The Kenya National Union of Teachers (Knut) warned that teachers will disrupt the national examinations that are scheduled for October and November if the Ministry of Education does not pay their dues. Learners in Grade Six will also undertake the Kenya Primary School Education Assessment (KPSEA).
Knut Secretary-General Collins Oyuu said teachers who supervised, invigilated and marked the 2022 Kenya Certificate of Primary Education (KCPE) and Kenya Certificate of Secondary Education (KCSE) examinations are yet to be paid. He told affected teachers not to participate in a similar exercise this year if their grievances are not solved.
Two weeks ago, Education Cabinet Secretary Ezekiel Machogu said that the teachers and other contracted people involved in administration of the examinations would be paid by the end of July.
On Wednesday last week, the Principal Secretary for Basic Education, Dr Belio Kipsang, said the ministry has received Sh2 billion from the National Treasury to pay exam officials.
The Kenya National Examinations Council (Knec) has been struggling to pay exam officials due to budgetary constraints. Government funding for national examinations has remained the same despite the number of candidates rising every year.
"We were told the payment was factored in the budget.

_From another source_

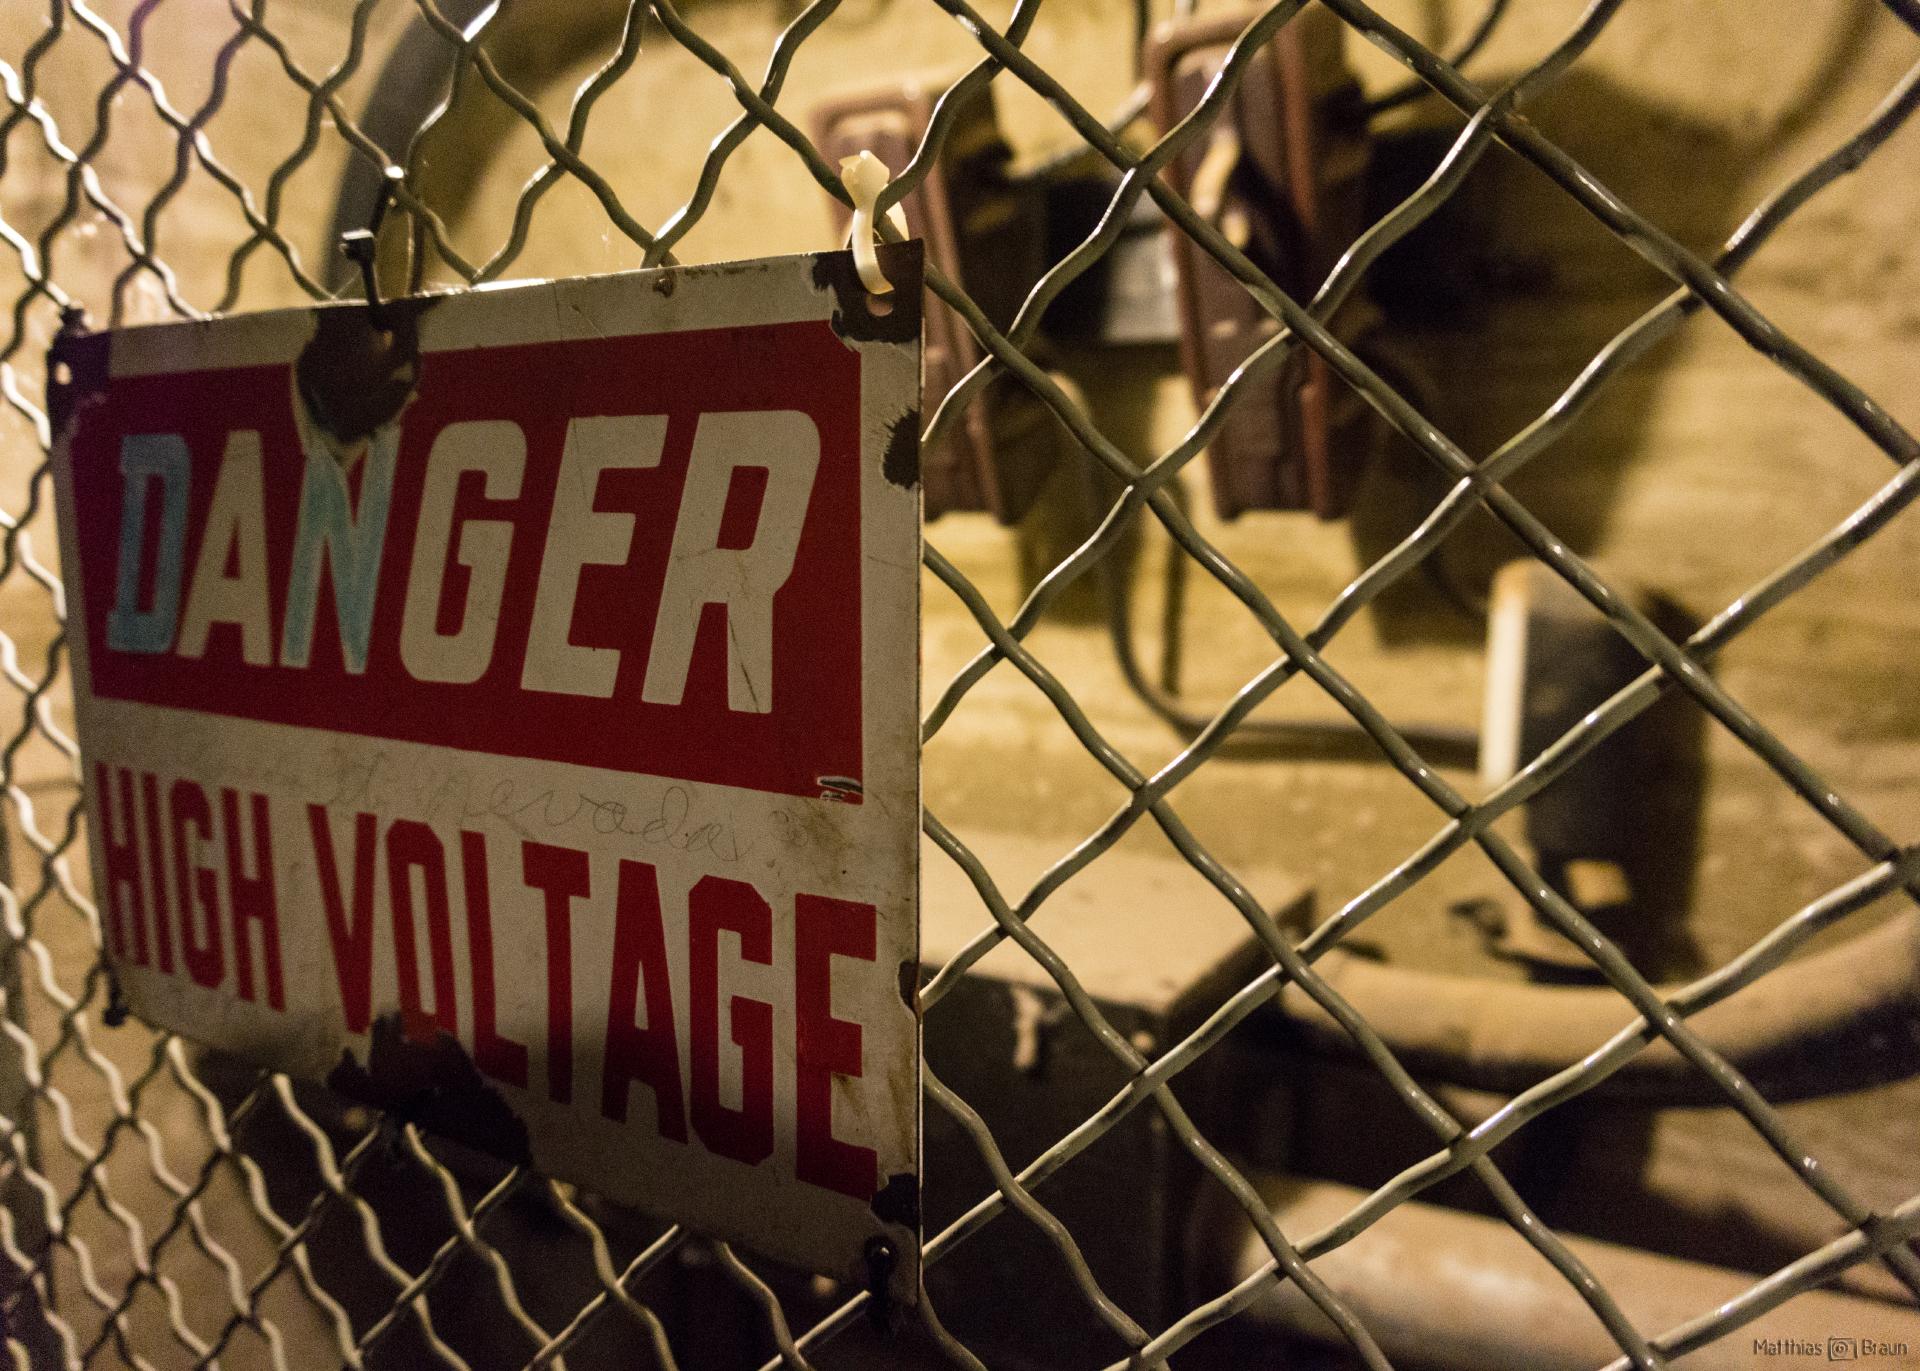 danger sign matthias-foto.de

We have given an ultimatum to Knec that they should not engage us if the payment is not forthcoming," Mr Oyuu said.
The KCPE and KPSEA tests will begin on October 30 and end on November 2. The KCSE will run from November 3 to 24. The marking of KCSE will begin on November 27 and end on December 15.
Mr Oyuu was speaking during the annual general meeting of Knut’s Suba branch in Homa Bay County. He called on the government to address other welfare issues including increased capitation to schools, review of Career Progression Guidelines among other issues.

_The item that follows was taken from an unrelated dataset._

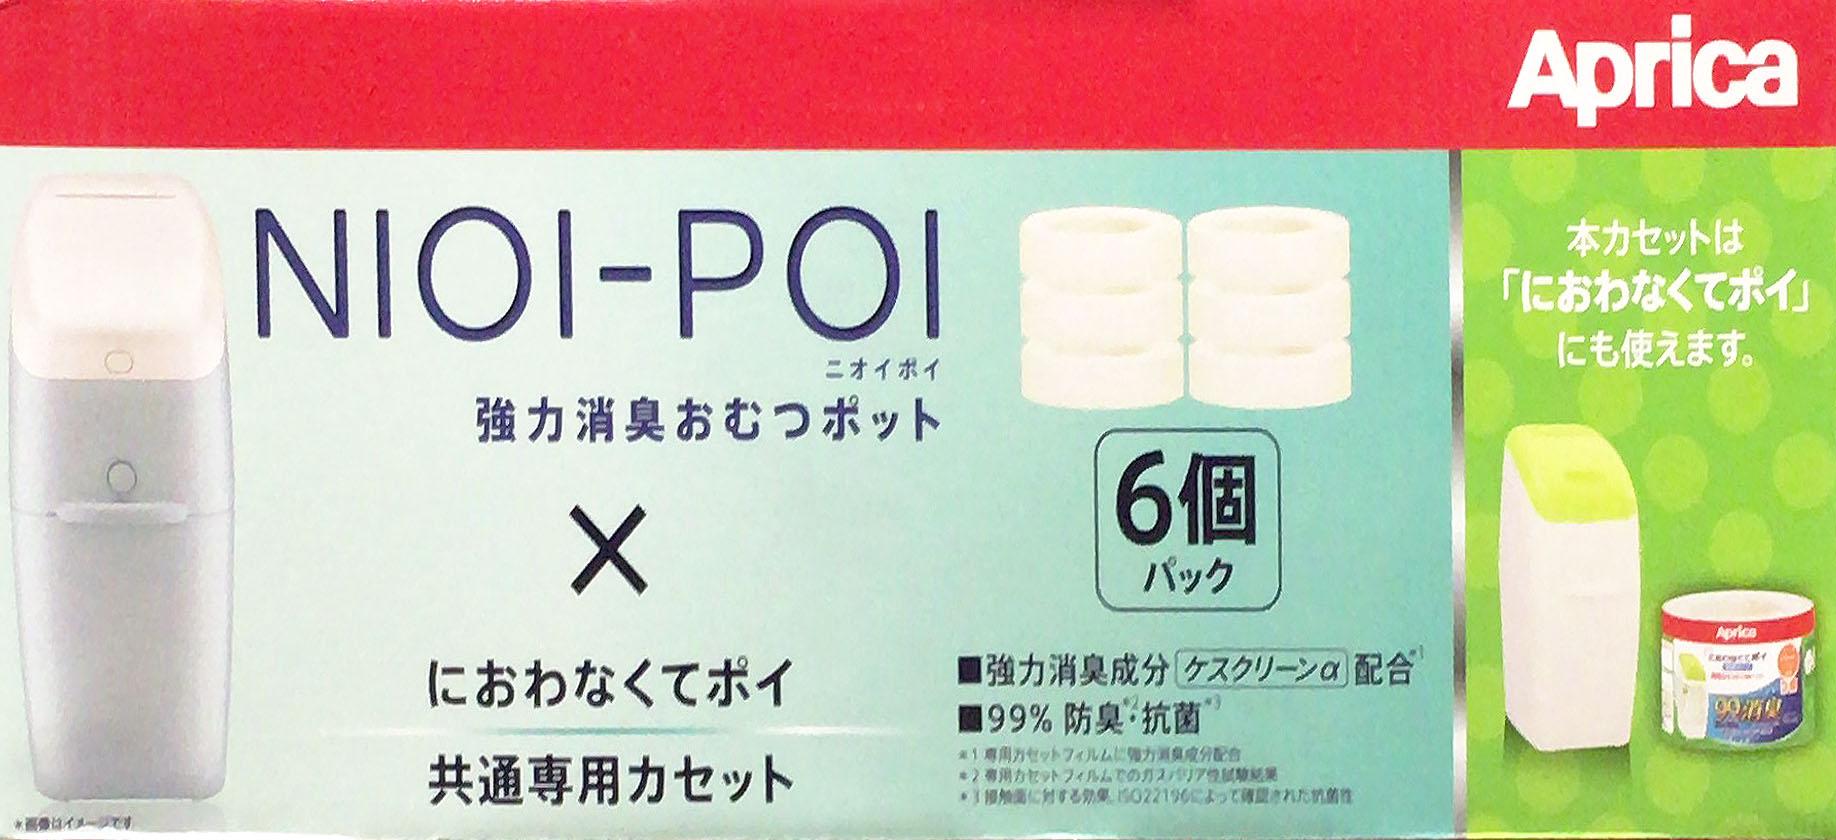 [1]が投稿したAprica NIOI-POI アップリカ ニオイポイ カセット6個パックの写真

Mr Oyuu expressed concern that some teachers have been dismissed from their jobs when they are about to retire, thereby being denied their retirement benefits.

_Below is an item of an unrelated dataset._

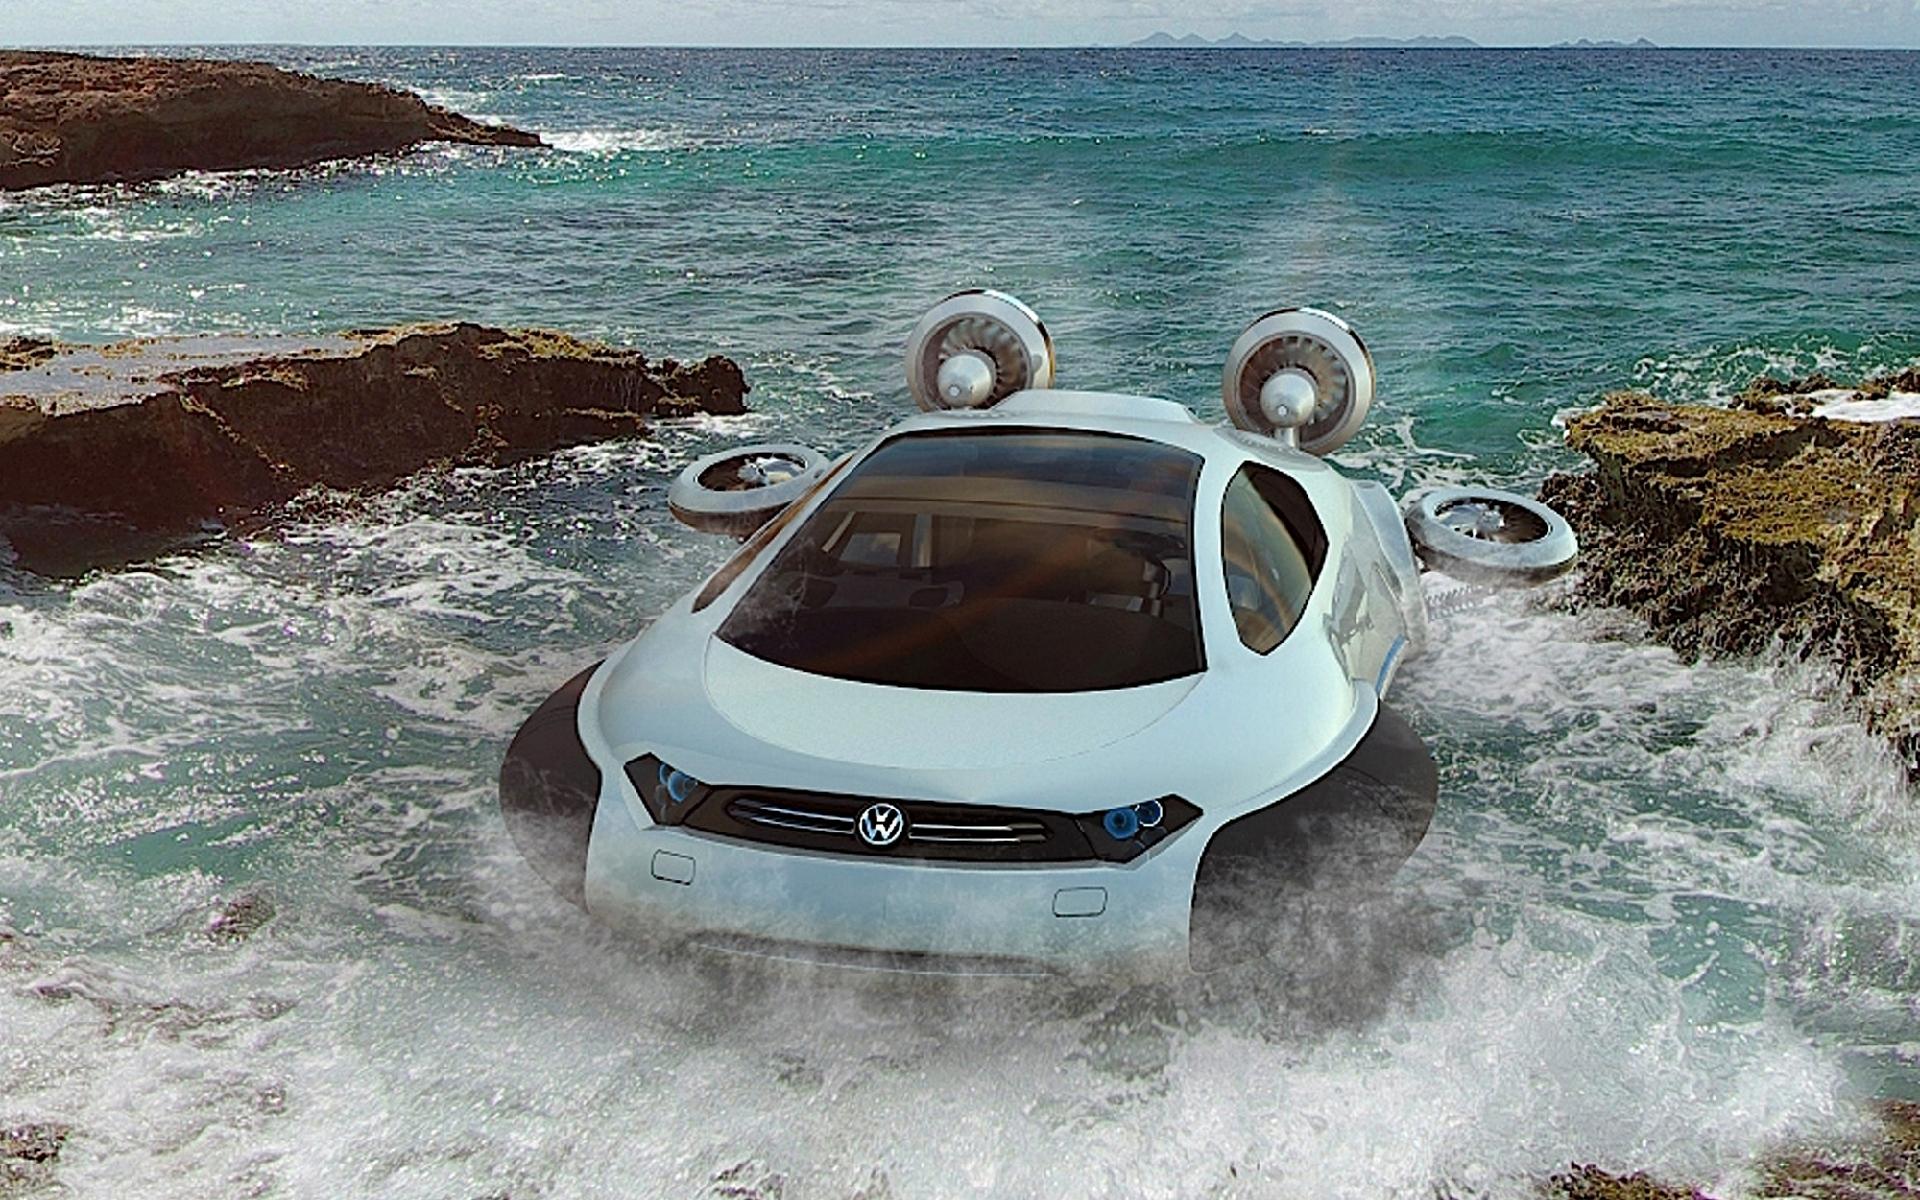 25683 скачать обои Транспорт, Машины, Море, Фольксваген (Volkswagen) - заставки и картинки бесплатно

Knut wants all teachers who are fired by the government paid for the time they offered their services. Mr Oyuu proposed that compensation should be determined by the number of years the affected teacher was on duty.
The union also waded into the plight of Early Childhood Development Education (ECDE) teachers. Mr Oyuu asked the national government to intervene and streamline the payment of the teachers who are employed by county governments. Different counties pay varying salaries despite the teachers having similar qualifications.
Mr Oyuu said Knut is in negotiations with the Teachers Services Commission (TSC) to employ ECDE teachers. Another demand by the union is for headteachers managing both primary schools and junior secondary schools to have their salaries reviewed.
Junior secondary schools are hosted in primary schools and are run by the same headteacher.
Homa Bay Senator Moses Kajwang and county executive committee member for education, Mr Martin Opere, attended the meeting. Mr Kajwang asked Knut to advocate for the welfare and rights of teachers.
"Some unions are collapsing because of being in bed with the government. Some are on the verge of collapsing because they have been swallowed by the State and can no longer advocate for their members as required," Mr Kajwang said.